Guide
A practical walkthrough of the PreditX® workflow.
From target selection to ranked screening outputs.
PreditX® guides users through a target-based AI drug discovery workflow: train models from public bioactivity data, review model outputs, screen molecules, and prioritize candidates using consensus prediction and ADMET-supported triage.
The complete workflow
The application is organized into four user-facing steps. Each step has a dedicated page so non-technical users can understand where they are in the process.
Train models
Enter a protein target, select descriptors, and choose the machine learning models you want PreditX® to train.
Review training results
Inspect training status, model outputs, performance files, and determine whether the trained models are ready for screening.
Start screening
Select a completed training run and screen pasted molecules, uploaded SMILES, or the PreditX® internal compound database.
Review screening results
Open ranked screening outputs, consensus predictions, CSV files, reports, and ADMET workbooks.
Step 1 — Train models
Model training begins with a biological target. PreditX® retrieves and prepares target-specific bioactivity data, calculates molecular features, and trains selected models.
Target input
Start by entering a protein target. The platform uses public target and bioactivity resources to assemble a target-specific training dataset.
- Protein target selection
- Automated data retrieval
- Target-specific model generation
Descriptor selection
Choose how molecules are represented for machine learning.
- Morgan fingerprints
- Mordred descriptors
- Combined fingerprints and descriptors
Model selection
Select one or more supervised machine learning models for training.

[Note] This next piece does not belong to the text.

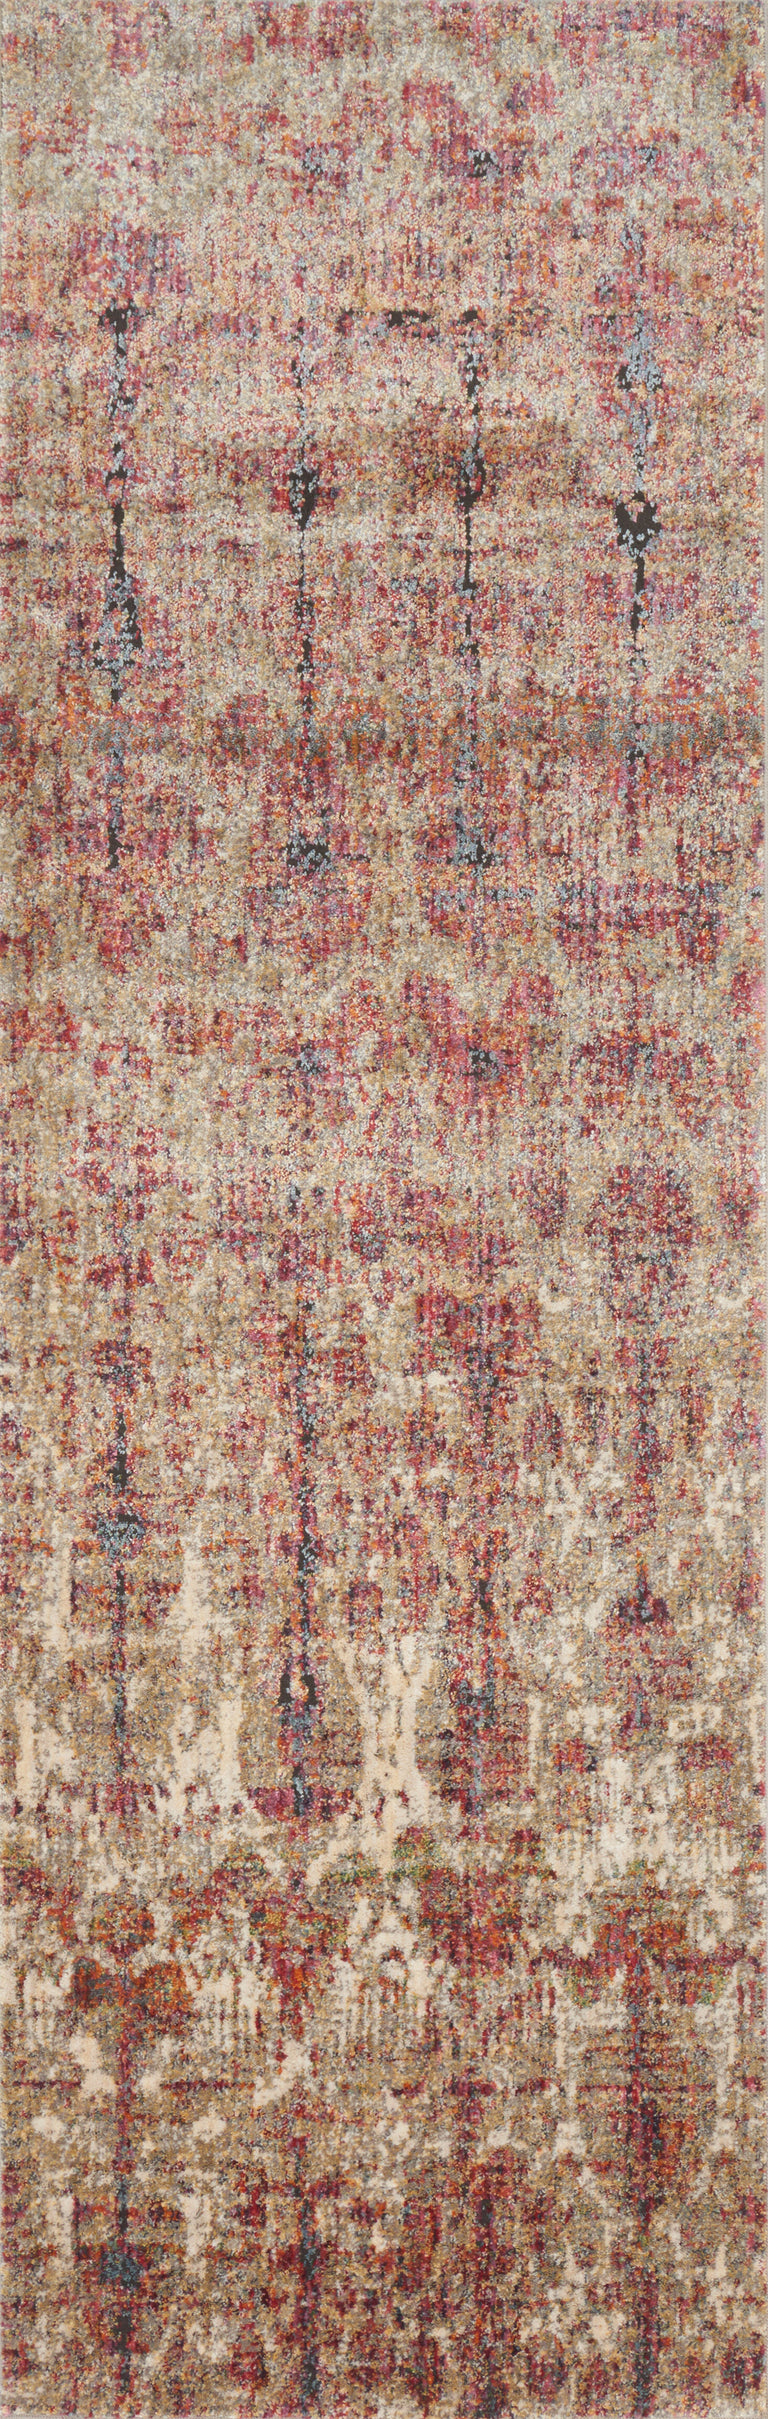 Loloi Rugs Javari Collection Rug in Drizzle, Berry - 7'10" x 10'

- Random Forest, SVM, XGBoost
- Logistic Regression, k-NN, MLP
- Tree-based, linear, and baseline models
Step 2 — Training results
After training, review the generated outputs before moving into screening.
What to check before screening
A completed training run means the model-training workflow has finished and can be used for downstream molecule screening. Review the generated outputs, trained models, and any available performance information before launching screening.
- Training status and progress
- Models trained for the selected target
- Generated output files and reports
- Readiness for downstream screening
Step 3 — Start screening
Screening starts from a completed training run. PreditX® can evaluate molecules from several sources.
Paste molecules
Paste SMILES directly into the interface for quick screening of smaller lists.
Upload a molecule file
Upload a SMILES file for larger screening batches.
Use the internal database
Screen against the PreditX® internal database of purchasable, PAINS-filtered compounds to generate a ranked candidate shortlist.
Step 4 — Screening results & ADMET
The final output is designed to support decision-making, not replace experimental validation.
Consensus ranking
When multiple models are available, PreditX® can combine model outputs to support more robust prioritization.
Ranked candidates
Screening results are returned as ranked molecules with prediction scores, classes, and model-support information.
ADMET triage
ADMET outputs help users review drug-likeness, physicochemical properties, structural alerts, risk bands, and recommended next actions.
Important interpretation note
PreditX® is a decision-support platform for early-stage compound prioritization. Predicted activity scores should be interpreted as prioritization signals, not as experimental potency values. Final decisions should include medicinal chemistry review, confirmatory assays, and, when relevant, structure-based assessment.